From our first chat, I confirmed my suspicion that he wasn’t from our side. Outspoken, yet a man of few words, he had one rare quality that stood out, he was a good listener. That single trait drew me to him.
One day, when I couldn’t make it to the stadium due to a pain crisis, he checked on me. His empathy was genuine. He didn’t just sympathise, he understood. He patiently listened to everything I said and offered thoughtful advice when needed.
Soon, I felt comfortable and safe with him, safe enough to share almost anything. Around him, I could bring out my wild, unfiltered self. I think we are both introverts, yet very expressive. At that time, I was emotionally wrecked, struggling to heal from a collapsed marriage, and his support was precisely what I needed. He never judged me; he simply listened.
Though we didn’t get to spend much physical time together before he eventually left, we shared quality moments virtually. At first, I feared he might take advantage of my vulnerability, as others had tried to do, but it turned out he only wanted to be a friend. And for that, I thank God for the gift of his friendship.

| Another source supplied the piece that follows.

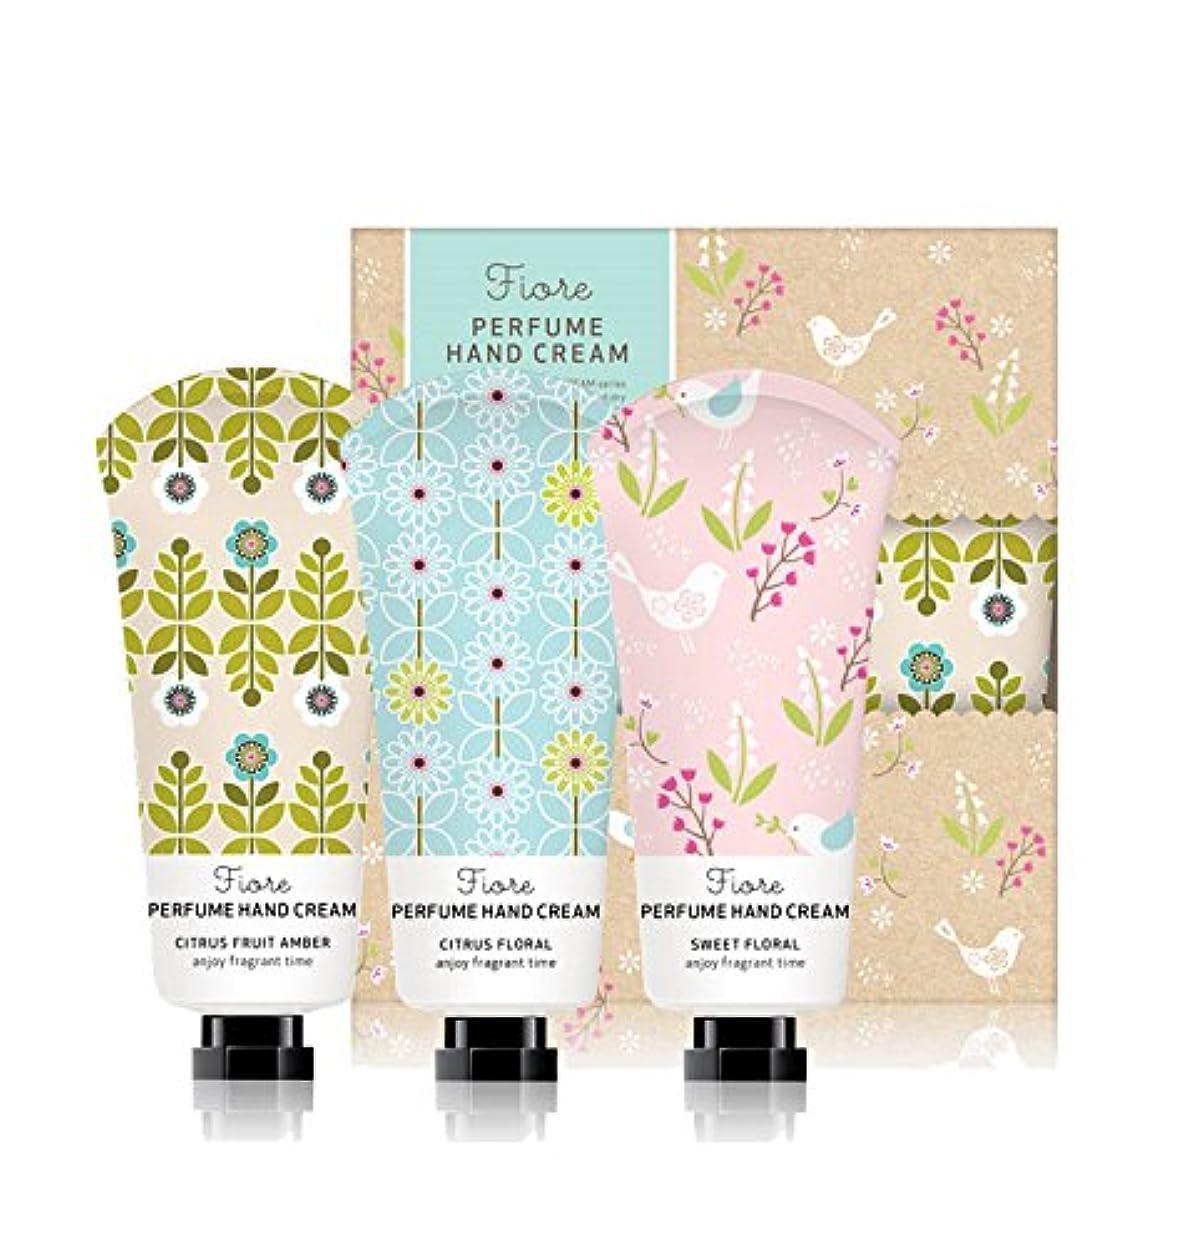 堂々たる道を作るその間[Fiore★ギフト用紙袋贈呈] パフュームハンドクリーム?スペシャルセット 60g x 3個セット / Perfume Hand Cream Specail Set

I shared lonely nights with him on the phone, pouring out my fears and hurts. Even though I had family around, they couldn’t fill that emotional gap. He became my burden-bearer, diffusing my worries with simple but reassuring words. Subtly, he taught me that even strong people cry and that it’s perfectly okay to ask for help, seek support, and take life easier.
He had his own worries, too, though he shared them sparingly. Still, whenever he sensed my mood was down, he would set his aside just to comfort me. “Calm down, it will pass,” he would say, and somehow, I believed him.
In June, when my fears mounted ahead of my total hip replacement surgery, he went the extra mile. He told me, “I will forfeit the next game to be at the hospital with you. There are many more games.” His affirmations became my anchor. When I felt myself slipping in the theatre, one of those affirmations returned to me and gave me strength.
I can go on and on about the impact of those few months of friendship. But I can boldly say that I am a better version of myself now than when I first met him.
Interestingly, I knew I was older than him, but I didn’t care. I mention this because many women shy away from friendships with younger men for various reasons I won't dive into today. But sometimes, age doesn’t matter, what matters is the sincerity of the heart.
I share this because sometimes, all we need to let go of a bitter past or go through a difficult time is a genuine friend. A shoulder to cry on, a safe space to vent, someone who listens without judgment, and accepts us as we are.
Thank you buddy , for being that gift in my “letting go” season. I may not say it often, but your friendship is truly priceless.
Do you have that one friend in your space? Remember, it’s not about how long you’ve known them, but how far their presence carries you.